Wayne Clark

No. 13, 11
- Position: Quarterback

Personal information
- Born: May 30, 1947 (age 79) Oskaloosa, Iowa, U.S.
- Listed height: 6 ft 2 in (1.88 m)
- Listed weight: 203 lb (92 kg)

Career information
- High school: Buckeye Union (Buckeye, Arizona)
- College: Miami (FL)
- NFL draft: 1970: 8th round, 198th overall pick

Career history
- San Diego Chargers (1970–1973); Cincinnati Bengals (1974); Kansas City Chiefs (1975);

Career NFL statistics
- Passing attempts: 120
- Passing completions: 52
- Completion percentage: 43.3%
- TD–INT: 0–14
- Passing yards: 745
- Passer rating: 24.5
- Stats at Pro Football Reference

= Wayne Clark (quarterback) =

American football player (born 1947)

Wayne Maurice Clark (born May 30, 1947) is an American former professional football player who was a quarterback in the National Football League (NFL).
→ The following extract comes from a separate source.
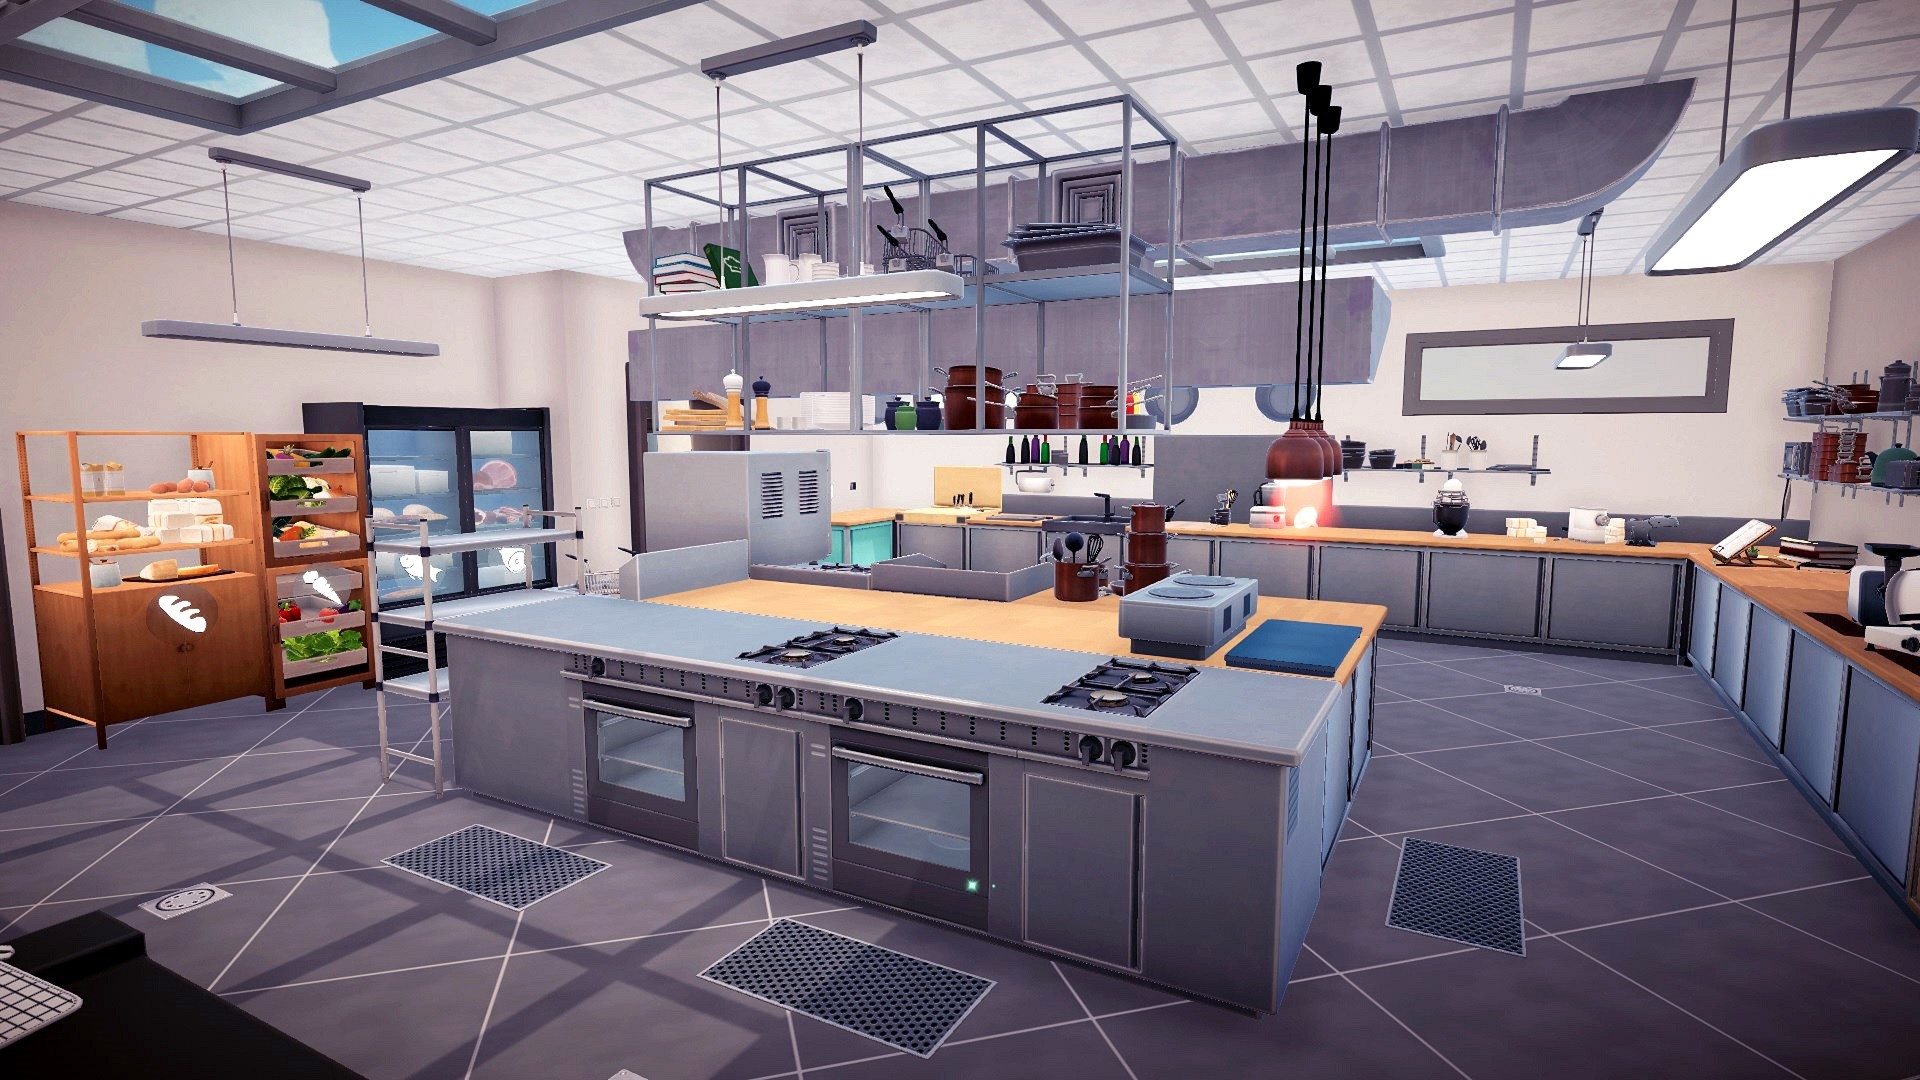 Chef Life: A Restaurant Simulator Al Forno Edition EU Steam CD Key
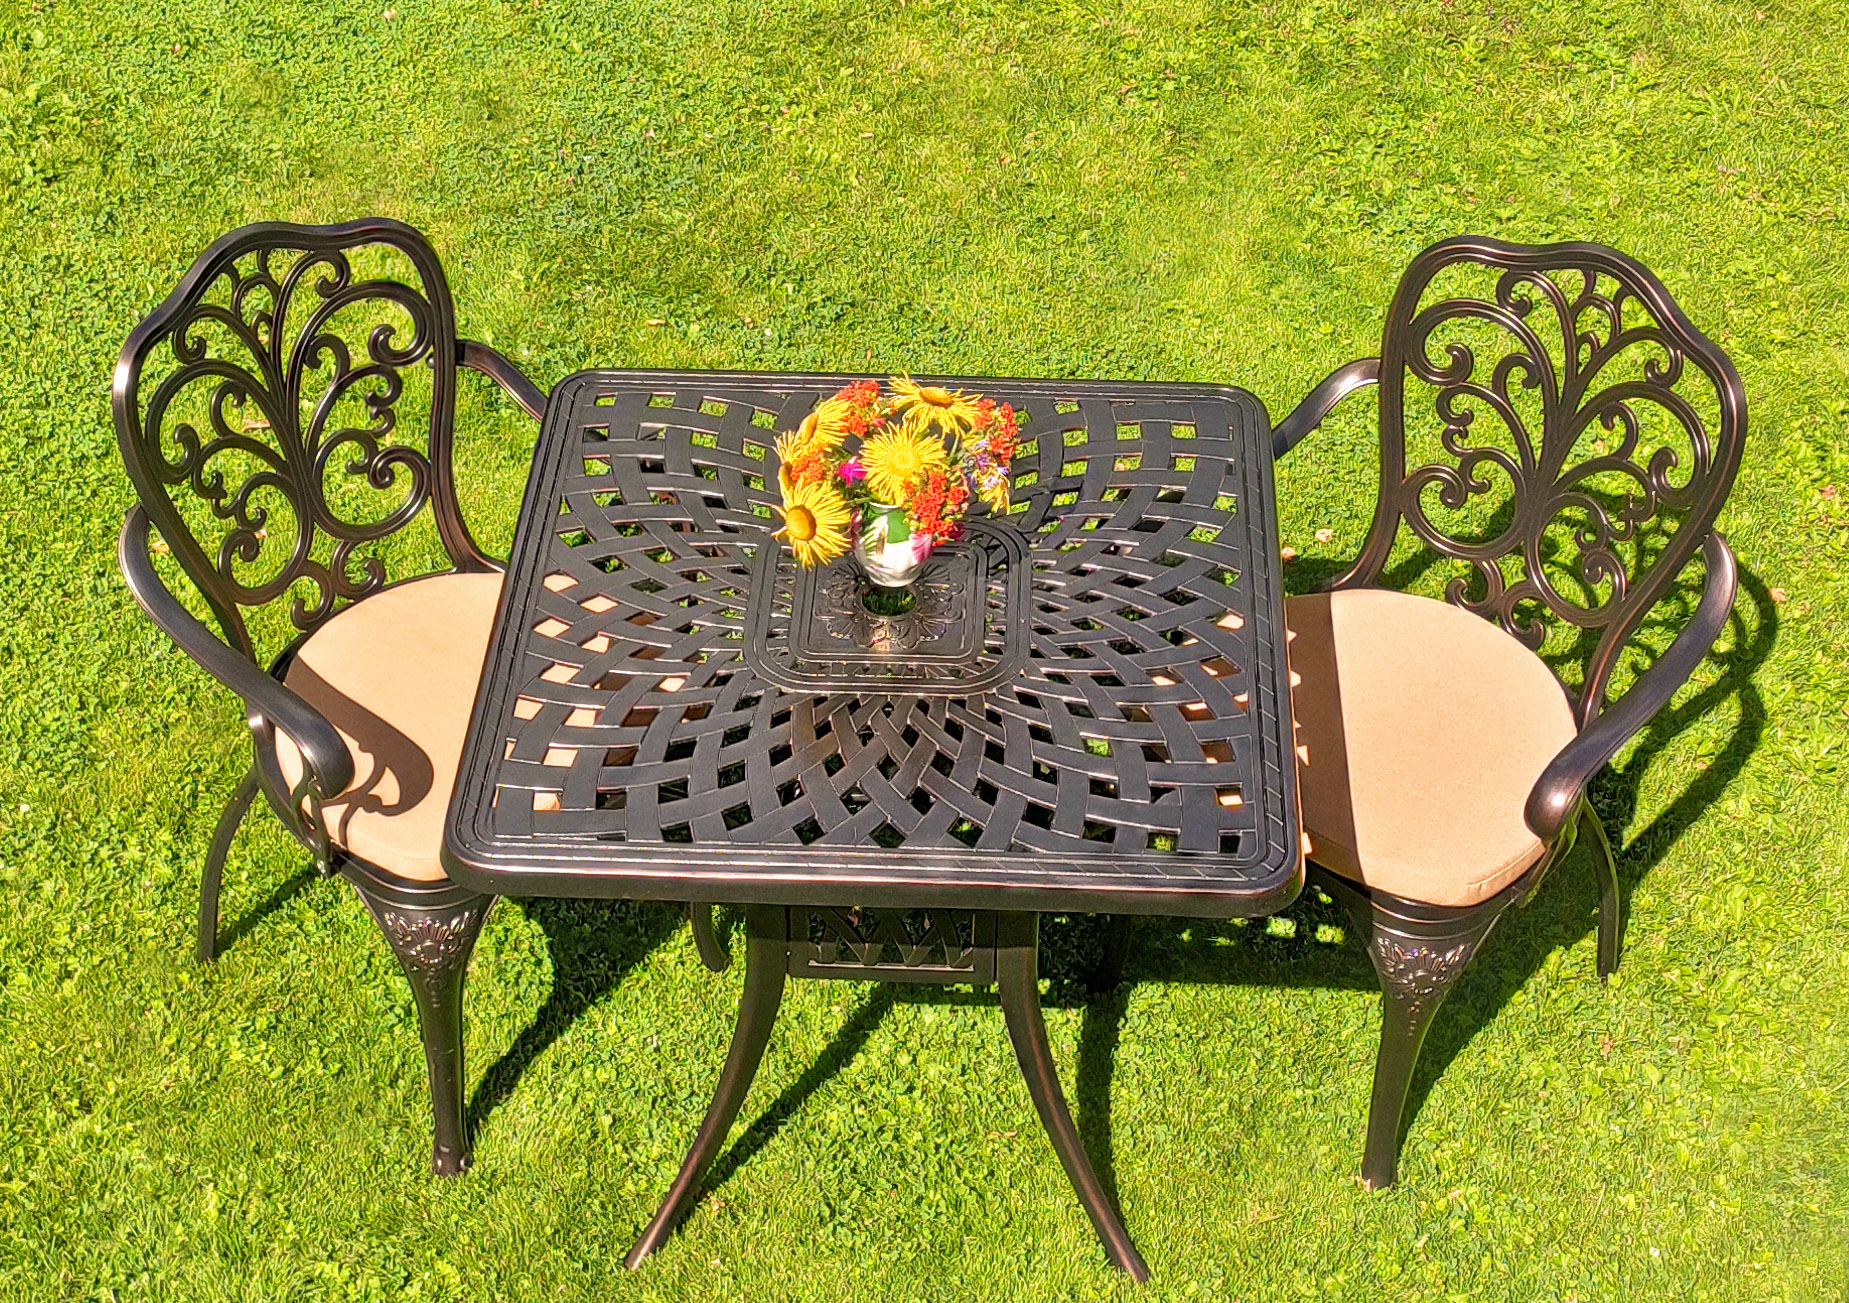 Мебель для сада и дачи из металла, кованые кресла и стол в сад, чугунные столы и стулья, мебель для летних веранд кафе, чайный комплект мебели патио в беседку, кружевной стол для сада с ажурными креслами

He was selected by the San Diego Chargers in the eighth round of the 1970 NFL draft. He played college football for the United States International Gulls and Miami Hurricanes. After his career, Clark was discovered to have chronic traumatic encephalopathy.

Clark also played for the Cincinnati Bengals and Kansas City Chiefs.